Hacker Newsnew | past | comments | ask | show | jobs | submitlogin
The near future of AI is action-driven (jmcdonnell.substack.com)
132 points by hardmaru on Nov 17, 2022 | hide | past | favorite | 68 comments


I’m skeptical since we’ve heard the same promises of how chatbots will replace our computer interfaces for years now. The systems always seem to break down when the user needs to do something surprising. Think about trying to navigate an automated phone menu when your option isn’t available.

Transformers seem incredibly good at picking up patterns and repeating them, and combining them in new and surprising ways, but my intuition says that the unpredictability of the real world will cause the required training set to grow faster than the models can keep up, at least to get close to anything that “looks a lot like AGI.”


> needs to do something surprising.

In my experience, that’s being incredibly generous. We evaluated the ‘big names’ in AI chatbots for a project recently, and their biggest portfolio examples (not on their site; ones we went through with their consultants) trip up over depressingly trivial but relevant for the business questions. It might have been a surprise for the chatbot but, for instance, at one point the question asked was in the faq of the company but by the way we formulated it, it didn’t understand it was the same thing. FAQs are made by people who understand the business, a question is distilled from many questions that lead to the same answer; regular users won’t ask the question exactly or at all like that, which is where the AI/nlp is supposed to help. In my professional and personal experience it often does not.

Anecdotally, no one I personally know has ever been helped by a chatbot, but then again, no one I know would click on chat unless all other options (searching google) are exhausted.

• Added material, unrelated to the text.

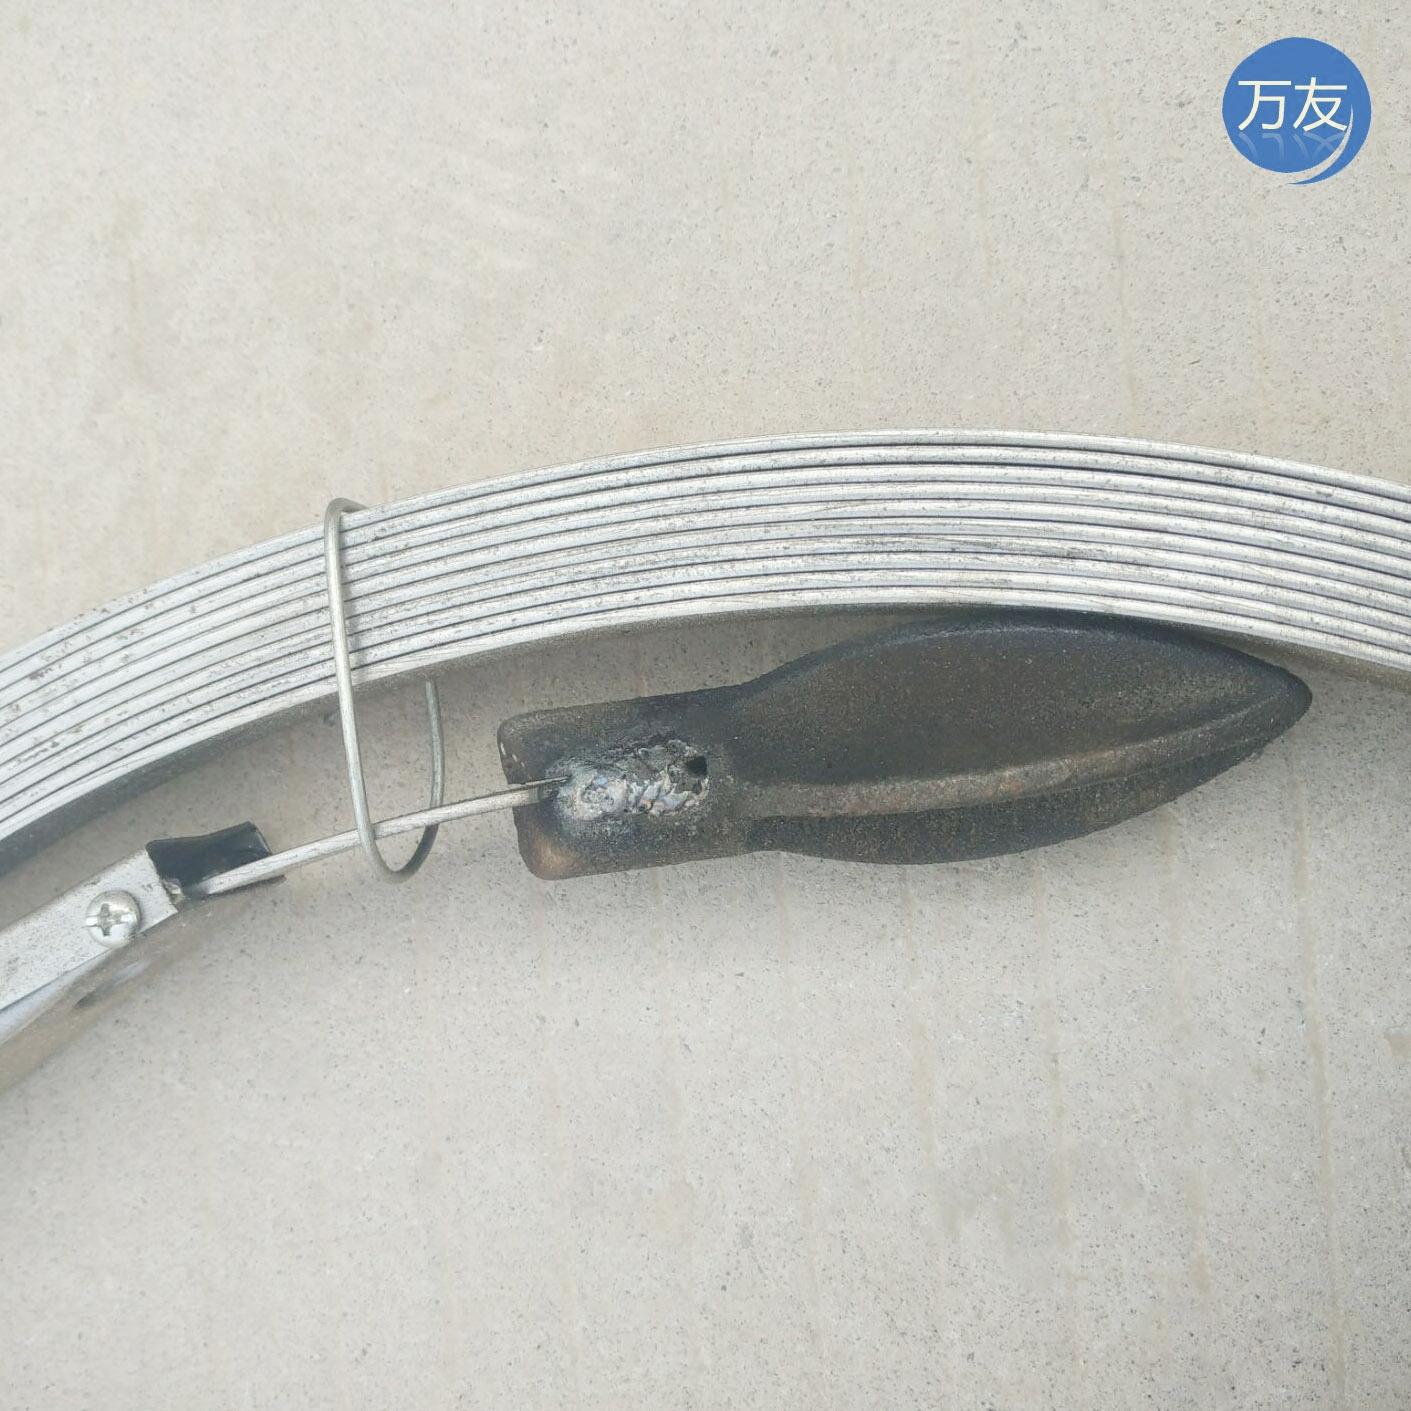 La venta directa de la fábrica de acero de la tubería a través de 65 draga de alcantarillas de flejes de acero de 1,8 cm de 14 euros / metros

Taking a few steps back to your automated phone menu; most systems that I call now use speech recognition to, for instance, have you tell it your account number, shipping code, order number etc. Even this never works for me; it has never understood what I read to it. And these are many different systems. Now sure; this might be because I talk funny or something (although my wife has the same experience and she was a radio and tv journalist), however, the human that comes after that has no issues at all understanding me reading the same information to them.


> no one I personally know has ever been helped by a chatbot

I treat chatbot like stalebot on bug reports list: as someone wishing to tell "go away, you are not wanted here" but not having enough honesty to do it openly.


I fully agree. It also seems like these chatbots are not even as good as the latest large language models. Either that or the language model conversations are very handpicked.

I think we have a long long way to go.


> "or the language model conversations are very handpicked."

This is very much the case. Experimenting with recent large models shows them to be undoubtedly powerful, but still easily distinguishable from intelligence. They regularly contradict themselves and spout unlikely narratives. Asking relatively simple questions often show a lack of understanding.

That being said, it would not surprise me if the chatbots are nevertheless worse than recent large language models.

For some example successes and (often amusing) failures, see https://cs.nyu.edu/~davise/papers/GPT3CompleteTests.html

For what it's worth, those examples are illustrative, but the best way to get a feel with them (how how handpicked examples may or may not be) is experimenting yourself with prompts.


> Experimenting with recent large models shows them to be undoubtedly powerful, but still easily distinguishable from intelligence. They regularly contradict themselves and spout unlikely narratives.

Sounds like lots of people I've met.


But that’s a failure mode of humans, a lot of humans can recognize this in themselves and self correct.


But not all, or religions would look nothing like they currently do. Are those people still intelligent?


> They regularly contradict themselves and spout unlikely narratives. Asking relatively simple questions often show a lack of understanding.

Maybe not AGI, but perhaps we have already attained AGP (artificial general politician)


I suspect they're just a bunch of regexes in a trench coat, personally.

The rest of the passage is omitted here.